|October 21, 2011, 20:15||
Optimize for laminar flow, assume it valid for turbulent flow?
Join Date: Oct 2010
Posts: 176Rep Power: 7
I want to optimize a design for convective heat transfer and pressure drop.
I have four designs..design 1 ,2,3 and 4.
I want to judge how these designs compare at different inlet Re numbers.
The Re numbers are in laminar region at lowest level and sweep through transition range on the higher side.
I am finding it difficult to get convergence at higher Re both with or without using turbulence models.
However i am able to get converged results at low Re i.e. in the laminar flow regime.

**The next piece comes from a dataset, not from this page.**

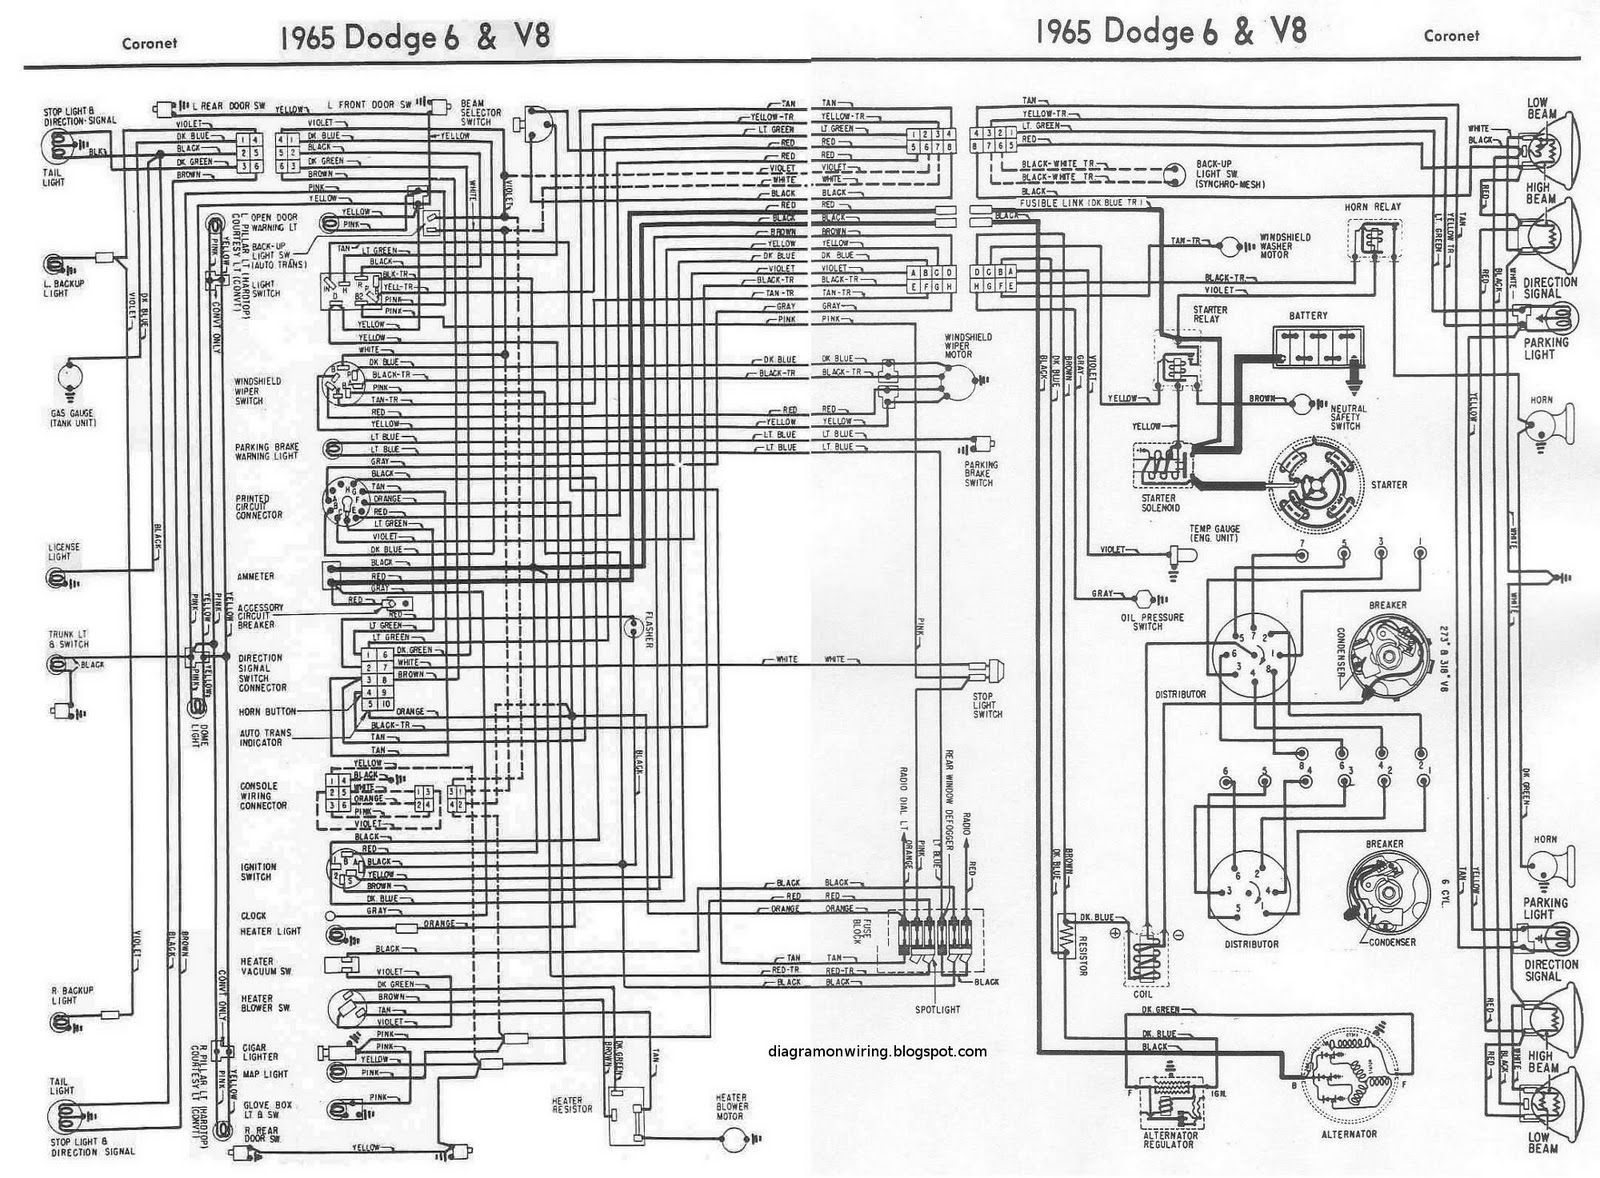 1969 Chrysler 300 Wiring Diagram - Wiring Diagram

I analyse through CFD and rank the available designs in terms of their performance at low Re i.e. in the laminar flow regime and get a ranking say 2>3>1>4 in terms of their performance for pressure drop and conjugate heat transfer. Now how safe will it be to assume that the same ranking of designs will also hold at higher Re i.e. in the transition and turbulent flow regimes ( and thus avoid CFD analysis at higher Re)?
|October 22, 2011, 05:43||
Join Date: Mar 2010
Posts: 557Rep Power: 11
I would consider that very dangerous. Turbulent flows can behave significantly different from laminar ones, and extrapolating things like heat or momentum transfer usually goes awfully wrong: that's why Airbus and Boeing are not relying on laminar simulations to build their big birds.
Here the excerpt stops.